Medtech future uncertain

HARARE - Zimbabwe Stock Exchange (ZSE)-listed pharmaceuticals manufacturer Medtech is facing an uncertain future should a strategic transaction fail to go through this year.

The group’s chairperson, Rose Mazula, yesterday said Medtech’s future lies in the

anticipated transaction, which will see the group place about 70 percent in its medical unit with a potential investor to raise funds.

“The board has made a decision to close the business should the transaction not be concluded in 2016,” she said.

This comes as the struggling company — whose auditors have cast doubt on its ability to continue as a going concern — concluded a transaction to acquire the 40 percent non-controlling shareholders interest in Medtech Medical and Scientific from minorities to allow for the disposal of the unit.

“As such, Medtech Holdings Limited had allotted 240 130 000 ordinary shares as the purchase consideration which increases the shares in issue to 3 039 764 872 ordinary shares,” she said.

Mazula also revealed that the pharmaceutical firm was also in the process of winding down operations at its Smart Retail unit this year.

“Smart Retail posted a loss before tax of $340 027. Operations at Smart Retail are being wound down and the business will be closed in 2016,” she said.

Smart Retail, which falls under the group’s FMCG segment together with Medtech Distribution, recorded a five percent decline in segment sales.

However, margins improved in both Medtech Distribution and Smart Retail due to exchange rate gains in Medtech distribution and a lower inventory write-off in Smart Retail.

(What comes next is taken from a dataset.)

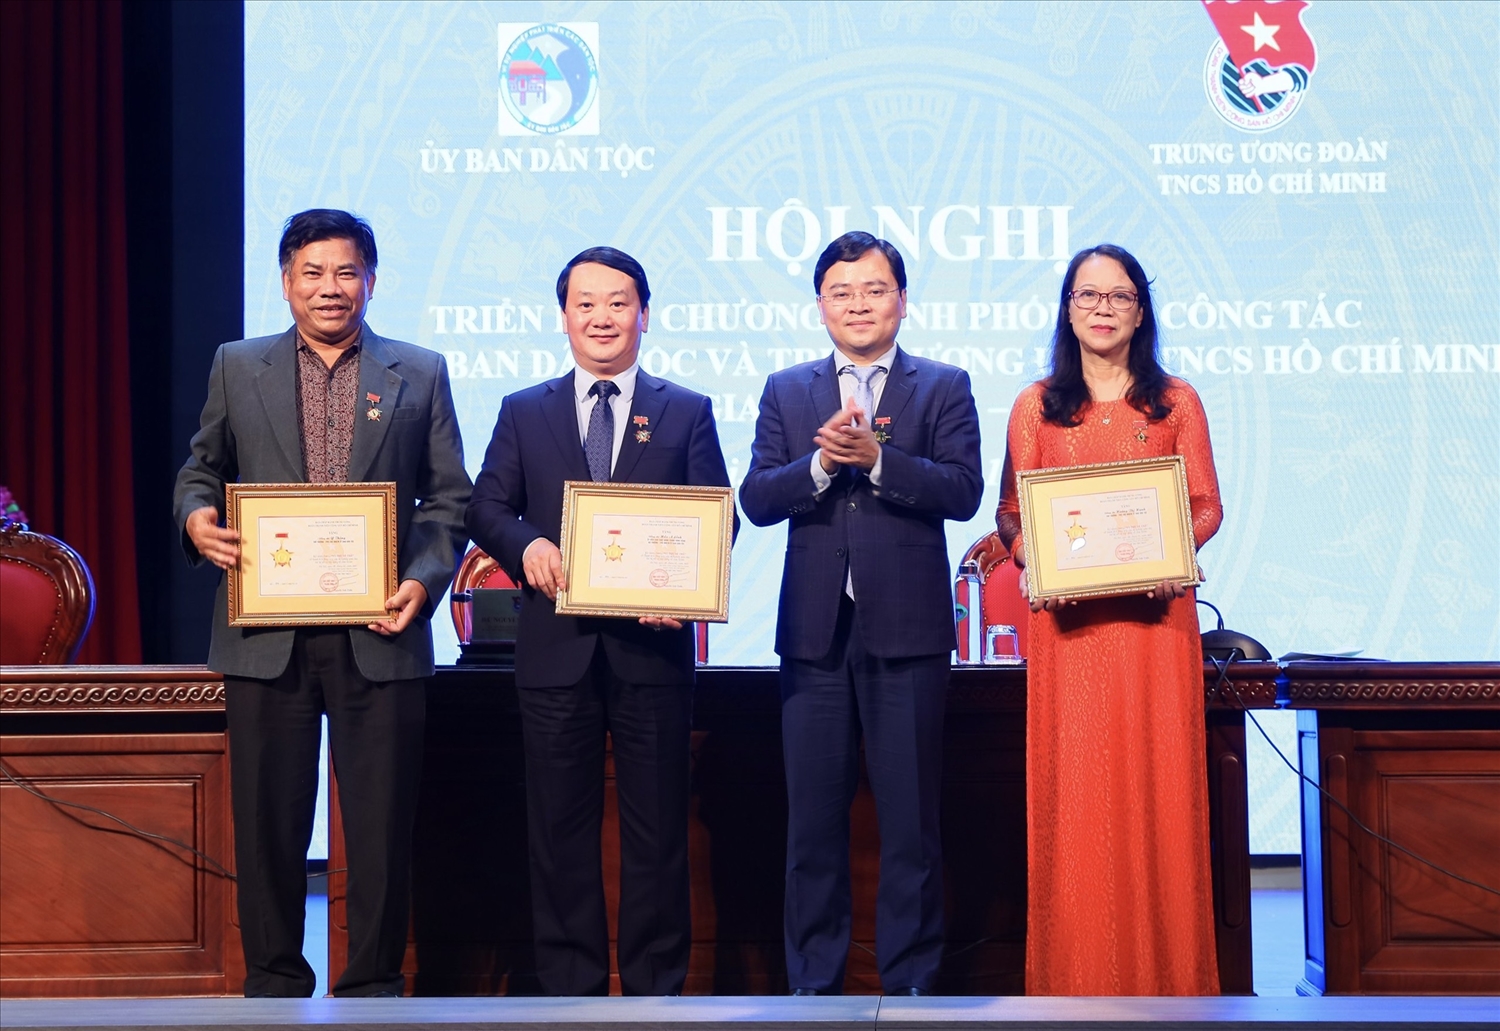 Bí thư Thứ nhất Trung ương Đoàn TNCS Hồ Chí Minh Nguyễn Anh Tuấn trao tặng Kỷ niệm chương “Vì thế hệ trẻ” cho Lãnh đạo UBDT

“Inventory anomalies in Smart Retail have been rectified and a stock write off of

$244 595 was made in the income statement. The cumulative provisions for stock write-offs in Smart Retail of $589 922 have been reversed in the current year,” she said.

Medtech Distribution managed to post a profit before tax of $710 655 while the medical segment includes MMS and

Education and Laboratory Services Division including Laboratory Services did not perform well.

“Segment sales declined 15 percent mainly due the fact that the business is undercapitalised and has suffered slow debtor repayments. The medical segment posted a loss before tax,” she said.

Mazula said while the economic environment had remained challenging, the pharmaceuticals concern managed to record a profit before tax of $476 914 for the 12 months to December 2015 compared to loss before tax in prior period.